Виктор Стариков - Звезда победы
Они совсем не говорят о будущем. Фомичеву кажется, что еще есть время все решить. Сейчас он счастлив и этой дружбой с ней.
Но он начинает замечать что-то новое в Марине Николаевне. Иногда ему кажется, что она решает какую-то сложную и трудную задачу, забывая в это время о нем. В такие минуты он старается не мешать ей. Но что это, какая мысль мучает ее, — он не решается спросить.
Случается, что, засидевшись у Марины Николаевны, Фомичев опять идет на завод по спящей улице, прислушиваясь к голосам ночной жизни. Возвращается к себе в три-четыре часа. К диспетчерскому совещанию, свежий, побритый, Фомичев уже в своем кабинете.
Счастливые рабочие дни!..
Вечер, но еще светло.
Дневная смена час назад закончила свою работу. В красном уголке ватержакетного цеха собираются начальники смен, мастера, рабочие. Парторг цеха Кубарев накрывает стол президиума скатертью, ставит графин с водой, раскладывает бумагу, карандаши.
Приходят Немчинов, Данько, Фомичев, Жильцова, начальники всех других цехов.
Сазонов сидит в дальнем углу. Фомичев подсаживается к нему. Теперь у них установились ровные отношения. В последнее время ватержакетный цех увеличил проплавку руды. Главный инженер еще недоволен работой начальника цеха, но и особо больших претензий к нему не имеет. Сазонов работает много, меняется к лучшему на его глазах.

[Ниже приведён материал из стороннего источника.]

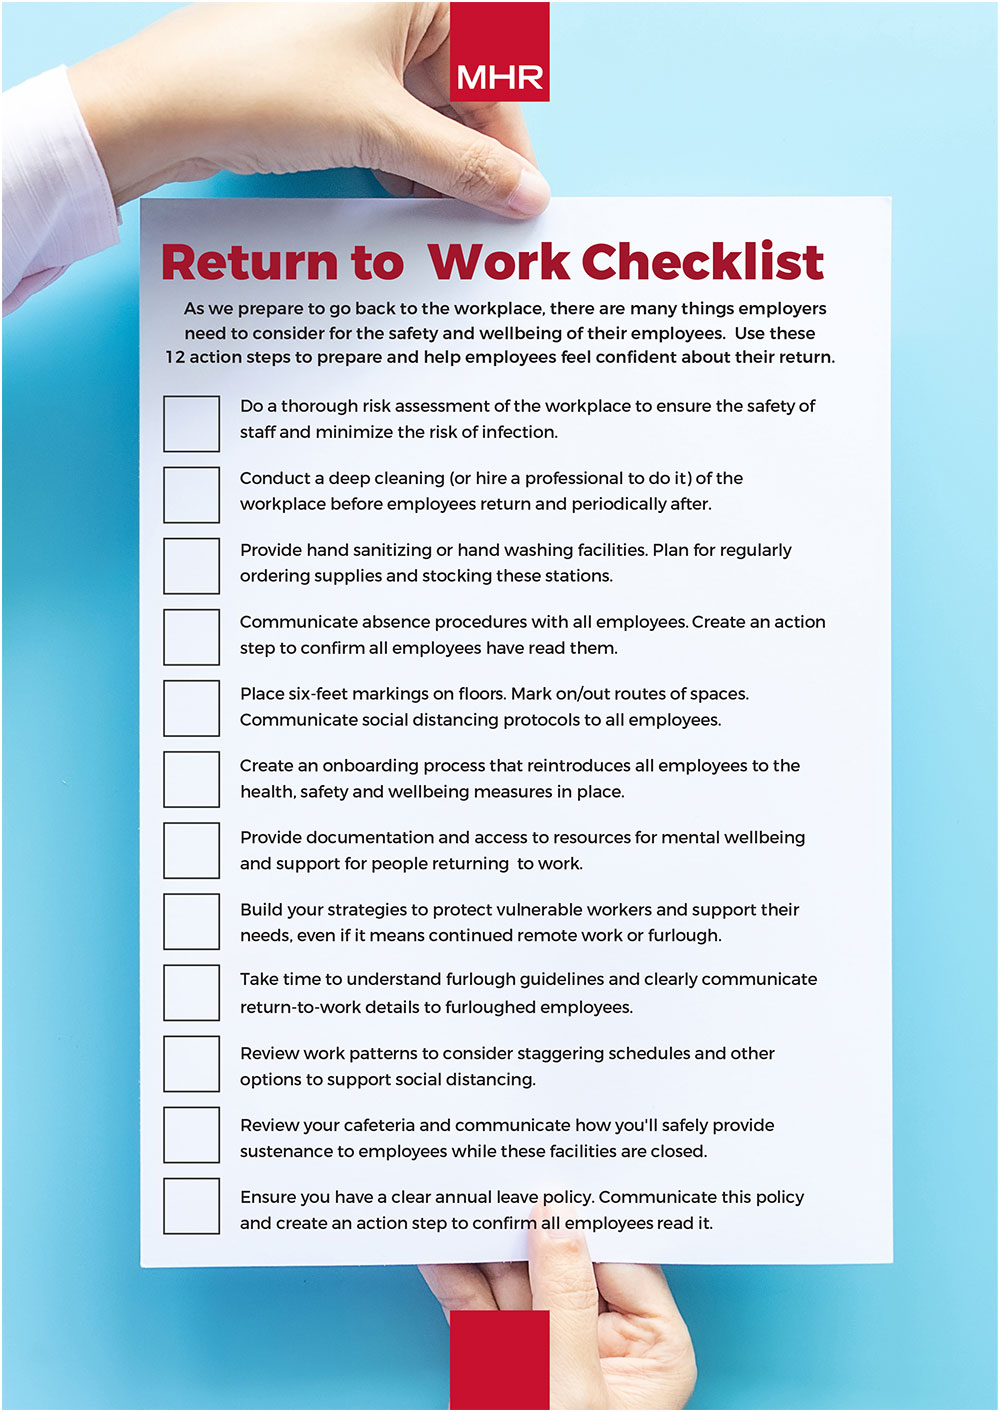 How to Prepare Return to Work Checklist MHR

Председательствует Немчинов.
Директор говорит о цехе. Настало время, когда ватержакетчикам уже пора вырваться вперед. Они первые на заводе теперь уже в состоянии не только выполнять, но и перевыполнять повышенное задание. Годунов своей работой показал, как можно вести печи. Задача всех работников цеха — использовать опыт Годунова, закрепить его и перенести во все смены.
Первое слово Немчинов дает Годунову.
Мастер говорит не больше пятнадцати минут. В смене они провели производственное совещание. Начальник цеха составил график почасовой подачи материалов к каждой печи. Встретились с работниками рудного двора. Те обещали им свое содействие, приняли их график. Вот и все новшества. Точно соблюдали режим работы, не допускали никаких отклонений. Лаборатория контролировала их работу. Смена за две недели перевыполнила задание на двадцать два процента, снизила потери меди в отвальном шлаке, сэкономила топливо.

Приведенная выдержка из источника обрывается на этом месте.